Has China virtually won?

April 6, 2009

Michael Smith
The National (UAE)
April 4, 2009

Canadian researchers have found Chinese spyware
in computers in 103 countries, while the UK
government has been warned by intelligence chiefs
that its communications network is vulnerable to
a Chinese attack. In cyber warfare, China is leading the way.

A new arena has been added to the theatre of war
-- cyberspace. In a world where reliance on
information technology underpins civil and
military life, the cookie can be as deadly as the bullet.

Targeting computer systems and software allows an
enemy to steal vital intelligence, but it can
also give it the ability to close down a
country’s utilities and bring normal life to a shuddering halt.

China is emerging as the most aggressive power on
this virtual battleground and the scale of its
ambitions can be measured by last week’s
revelations about GhostNet, an international spy
network that has reached inside more than 100 countries.

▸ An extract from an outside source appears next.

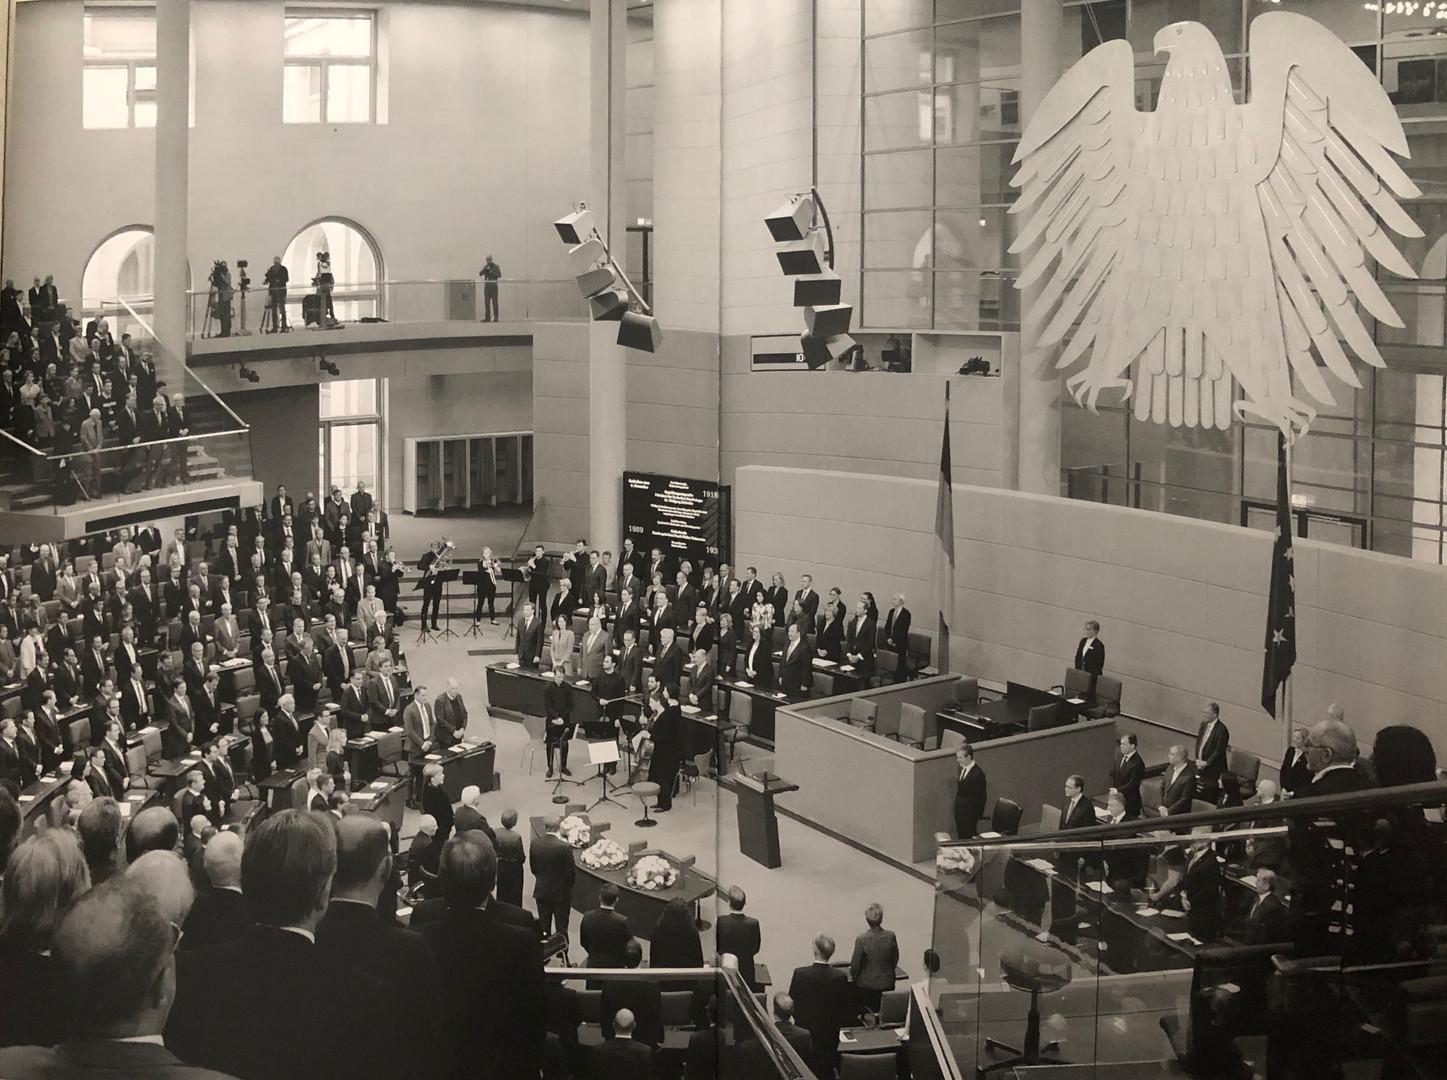 Bundestag cocnert

Canadian researchers commissioned by officials
working for the Dalai Lama, Tibet’s spiritual
leader, found 1,295 computers in 103 countries
affected by spyware that allowed Chinese hackers
to reach inside the computers and even control their activity.

Iran’s foreign ministry was among a number
targeted by the system, which routinely harvested
classified information from the computers of governments around the world.

The foreign ministries of Bangladesh, Latvia,
Indonesia, the Philippines, Brunei, Barbados and
Bhutan were also spied on, as were various
embassies of India, South Korea, Indonesia,
Romania, Cyprus, Malta, Thailand, Taiwan, Portugal, Germany and Pakistan.

And yesterday it was disclosed that Chinese spies
had tried to infiltrate the e-mail and mobile
phone communications of Kevin Rudd, the
Australian prime minister , during a visit to Beijing last year.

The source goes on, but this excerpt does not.